→ **RECORDS FOR THE TASK**:

****************

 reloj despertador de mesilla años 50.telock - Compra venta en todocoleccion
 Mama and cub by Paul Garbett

****************

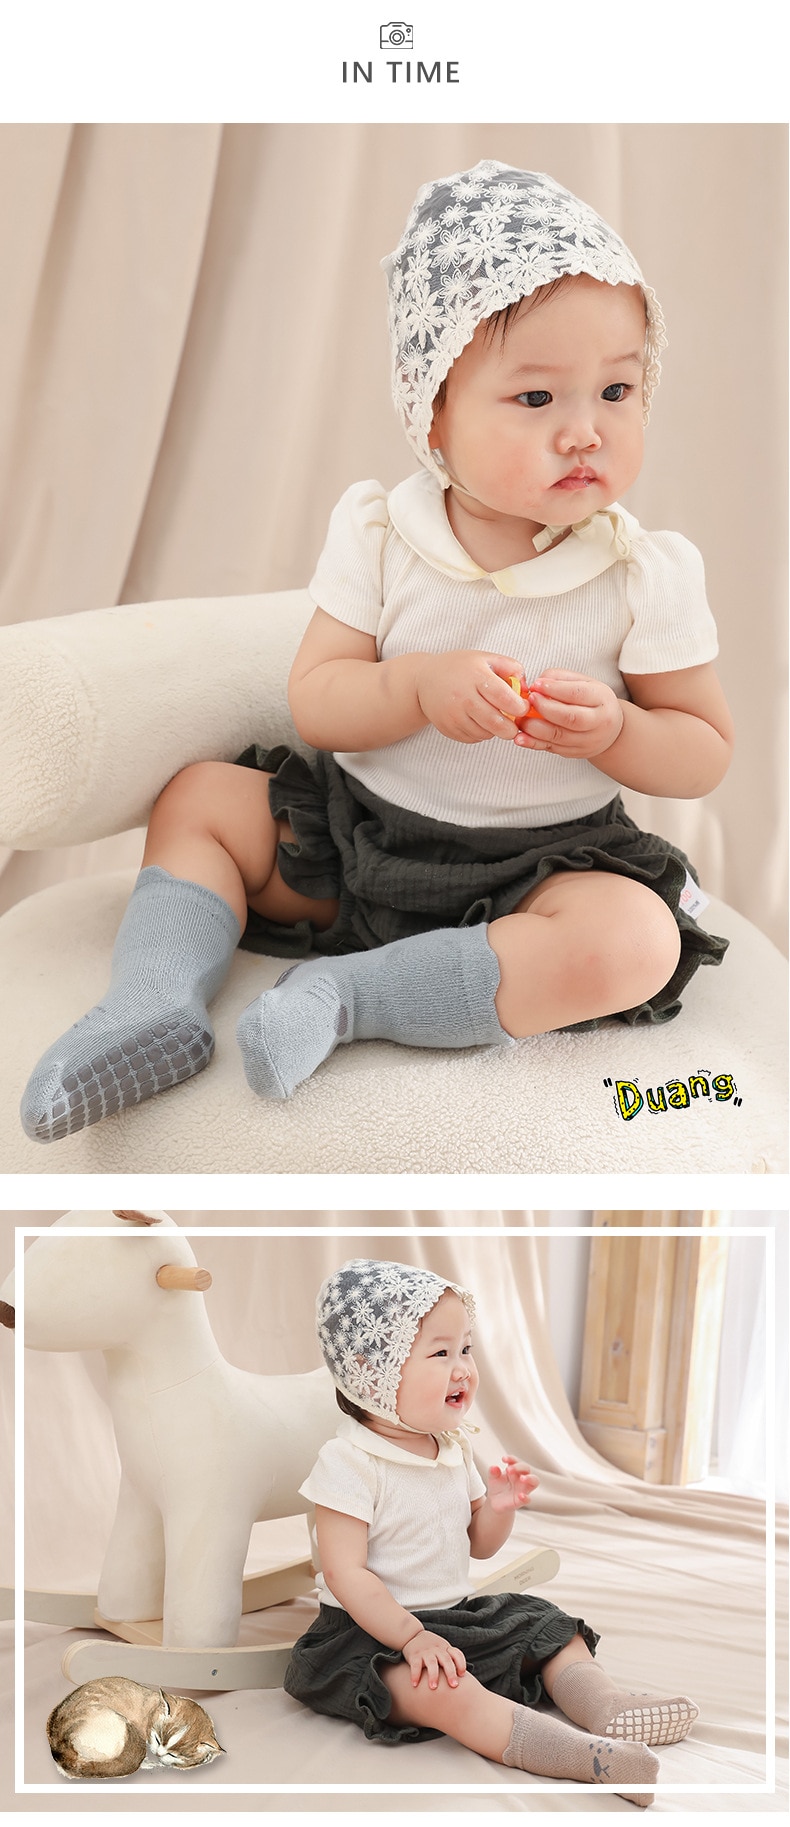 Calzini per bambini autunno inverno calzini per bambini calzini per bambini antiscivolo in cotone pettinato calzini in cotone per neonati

****************

From the records above, quote only the lines running from the line with "reloj despertador de" to the line with "Mama and cub by Paul Garbett", both lines included.

 reloj despertador de mesilla años 50.telock - Compra venta en todocoleccion
 Mama and cub by Paul Garbett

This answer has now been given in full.